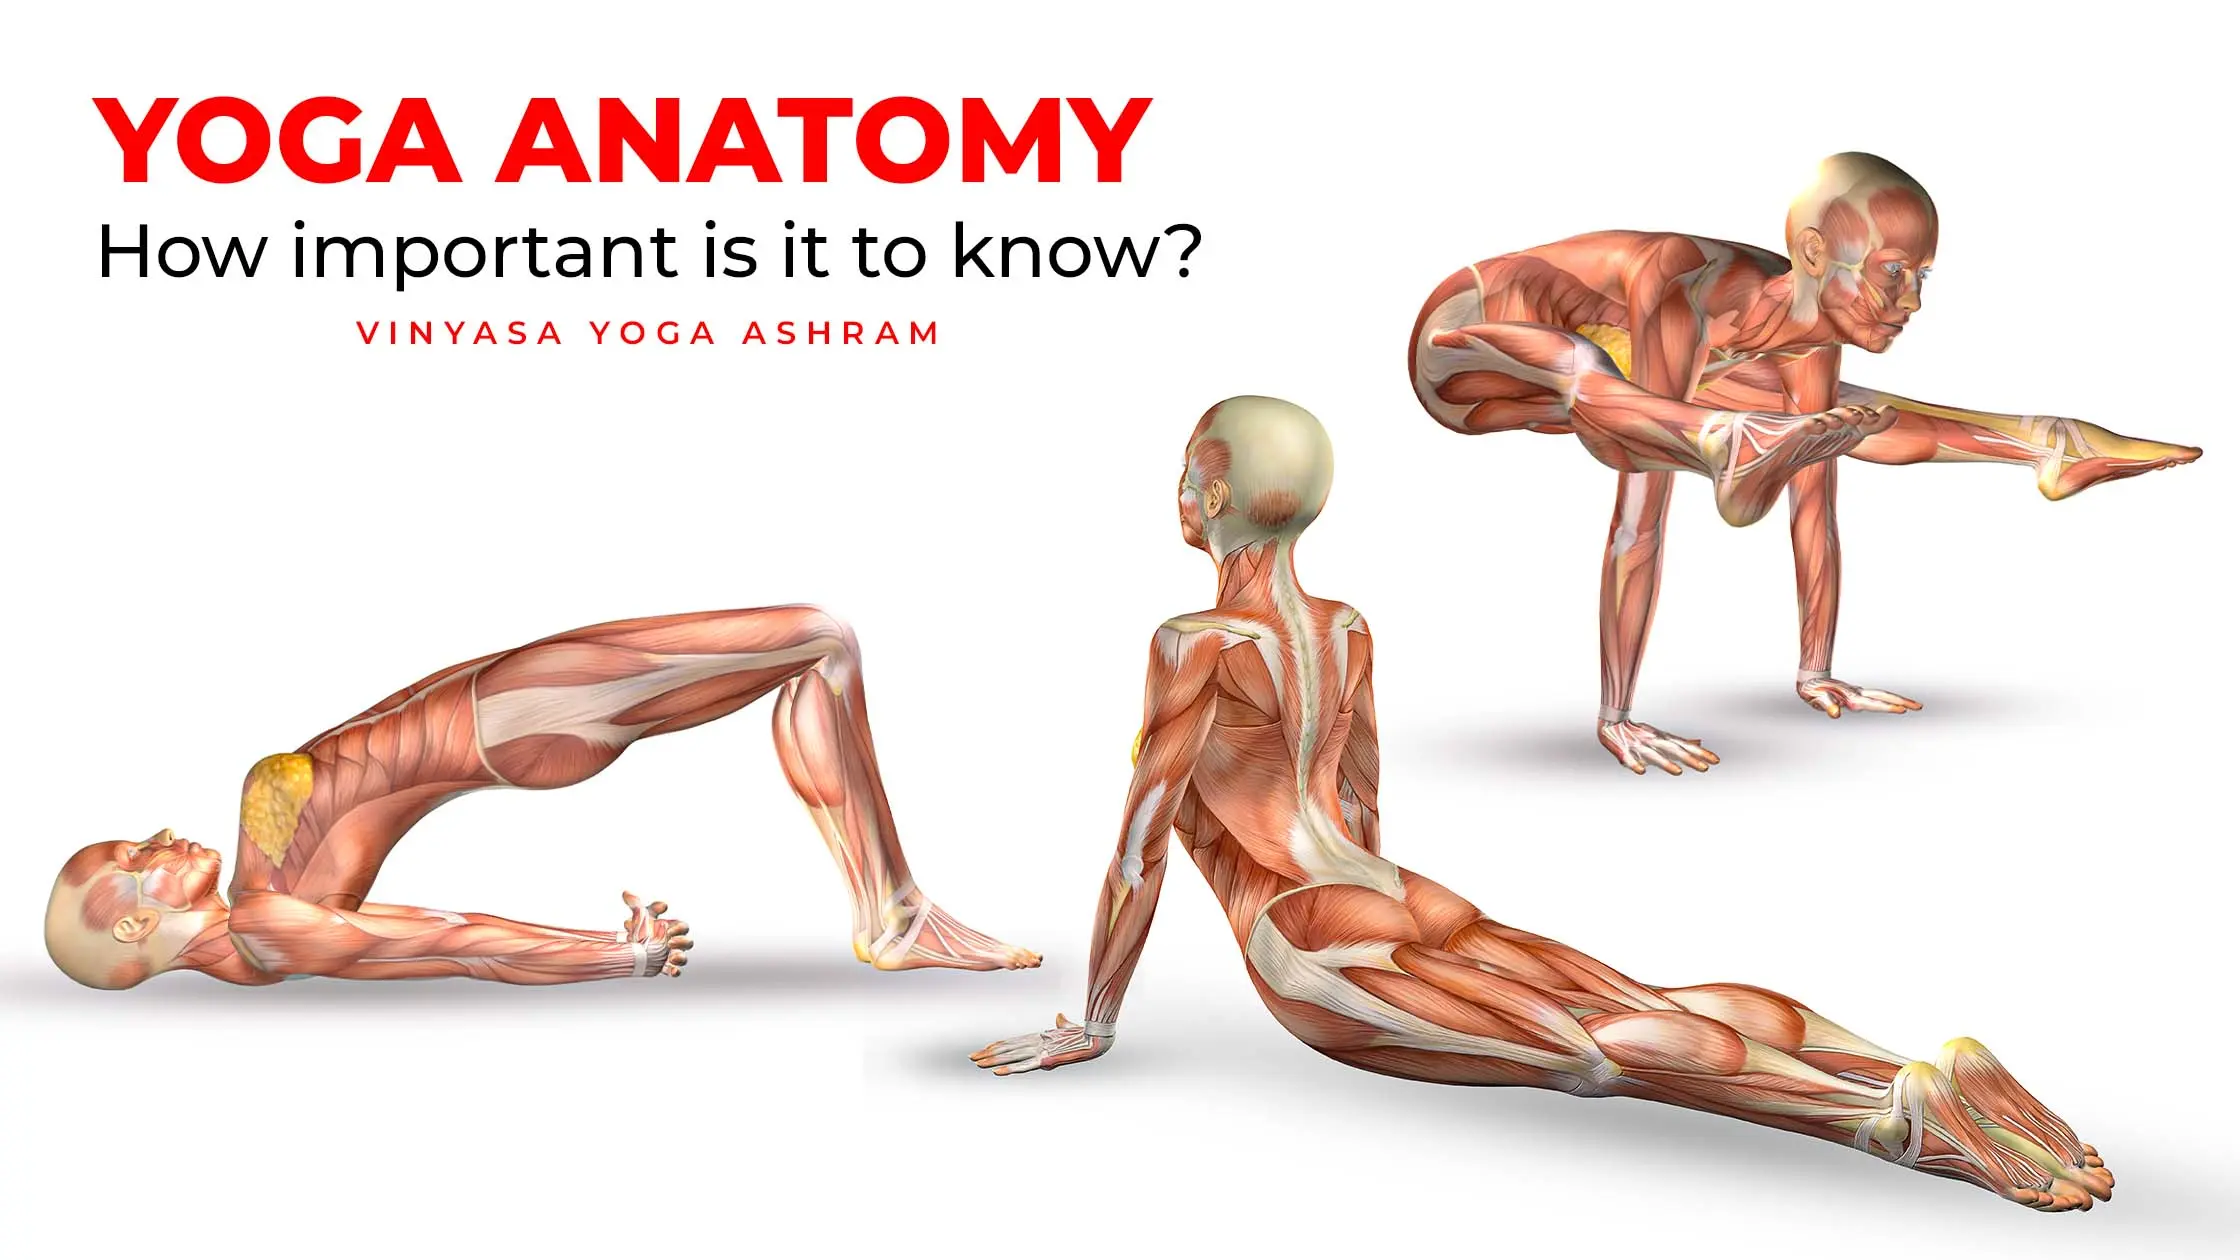 yoga anatomy course - What is anatomy in yoga
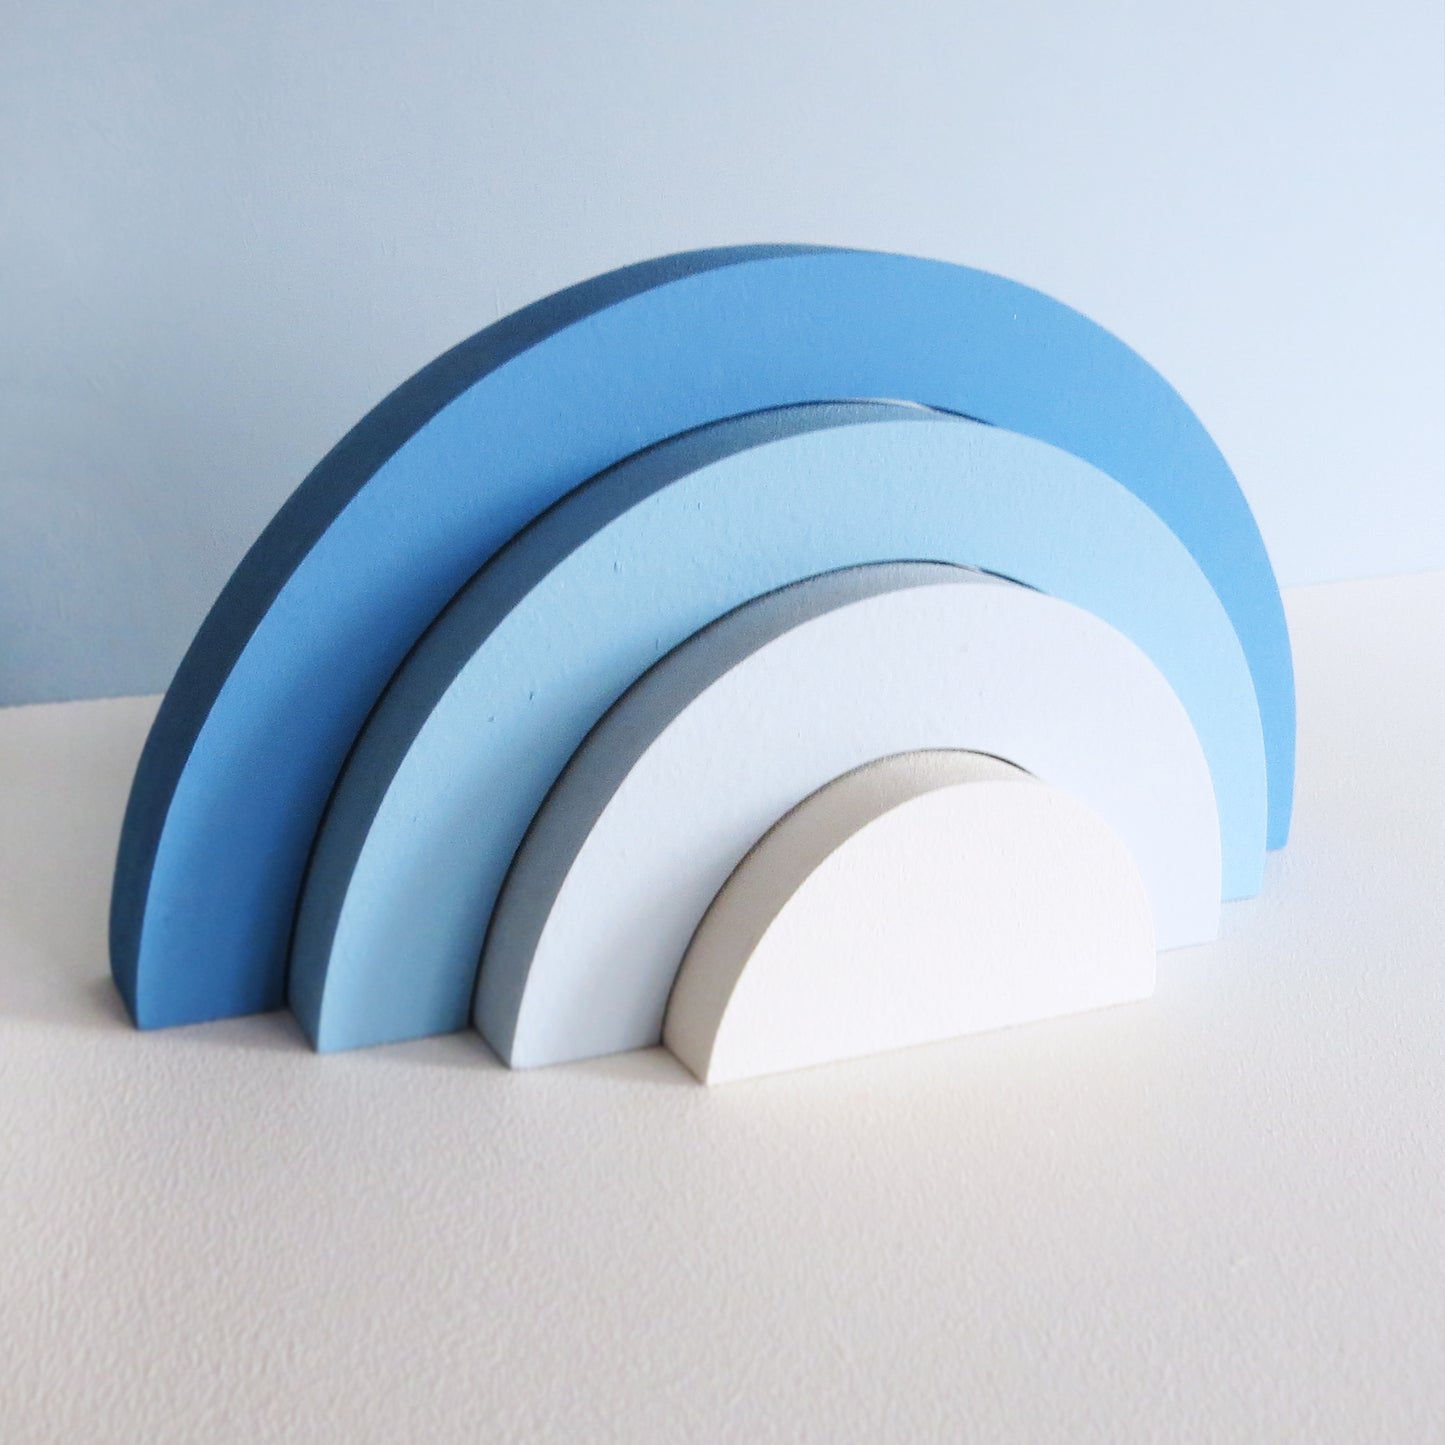 Childrens nursery 4 section rainbow shelf stacker painted in a blue ombre design.
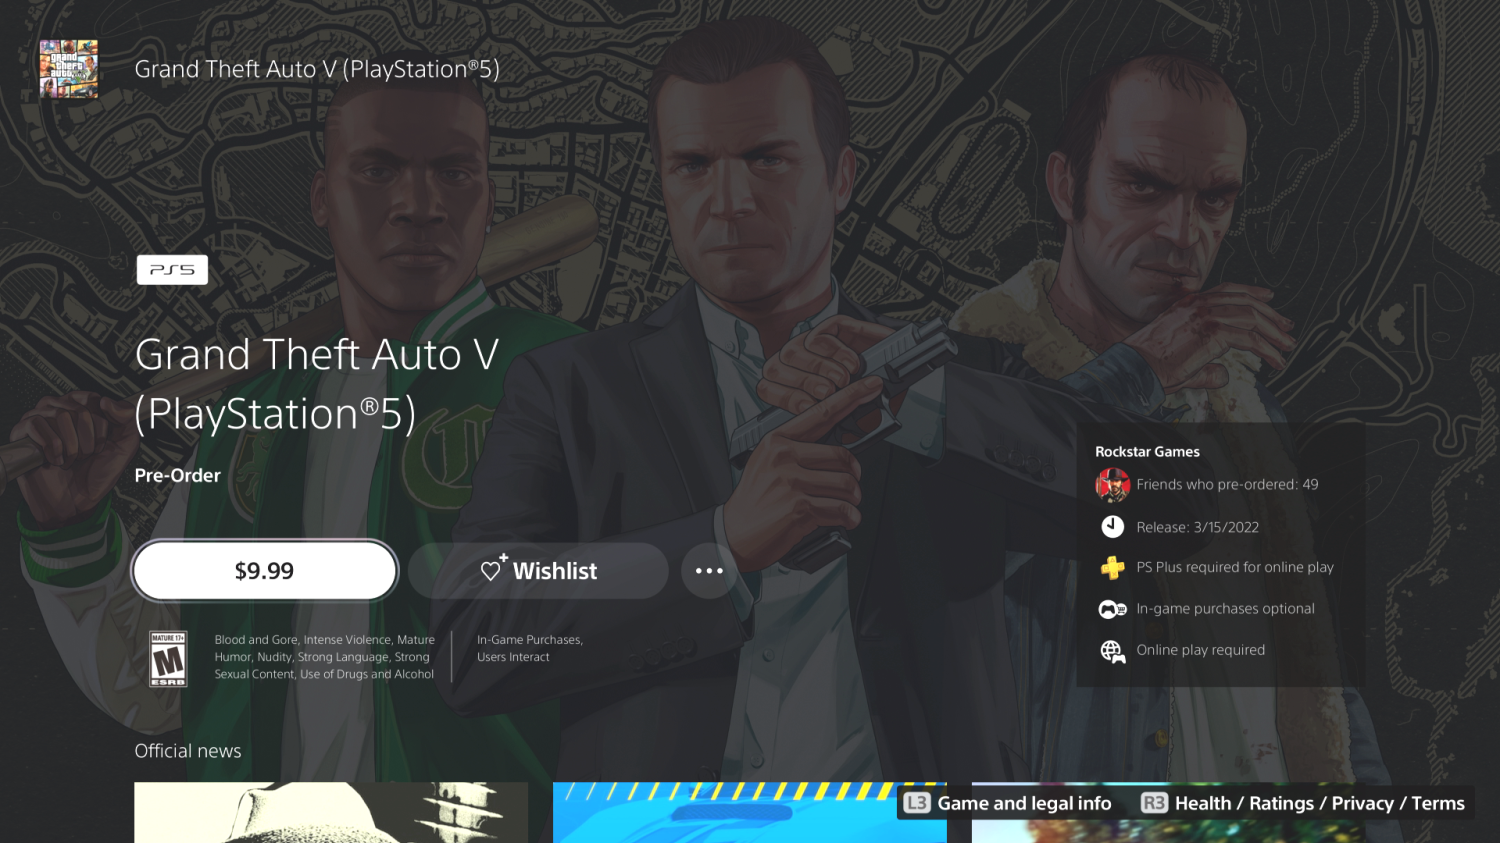 https://static.tweaktown.com/news/8/4/84968_5_grand-theft-auto-is-only-10-on-ps5-and-20-xbox-series_full.png

◆ **Problem to solve**:
Exact transcription of the full listing above is required; images do not belong in it.

◆ **Written answer**:
 yoga anatomy course - What is anatomy in yoga
 Childrens nursery 4 section rainbow shelf stacker painted in a blue ombre design.
 https://static.tweaktown.com/news/8/4/84968_5_grand-theft-auto-is-only-10-on-ps5-and-20-xbox-series_full.png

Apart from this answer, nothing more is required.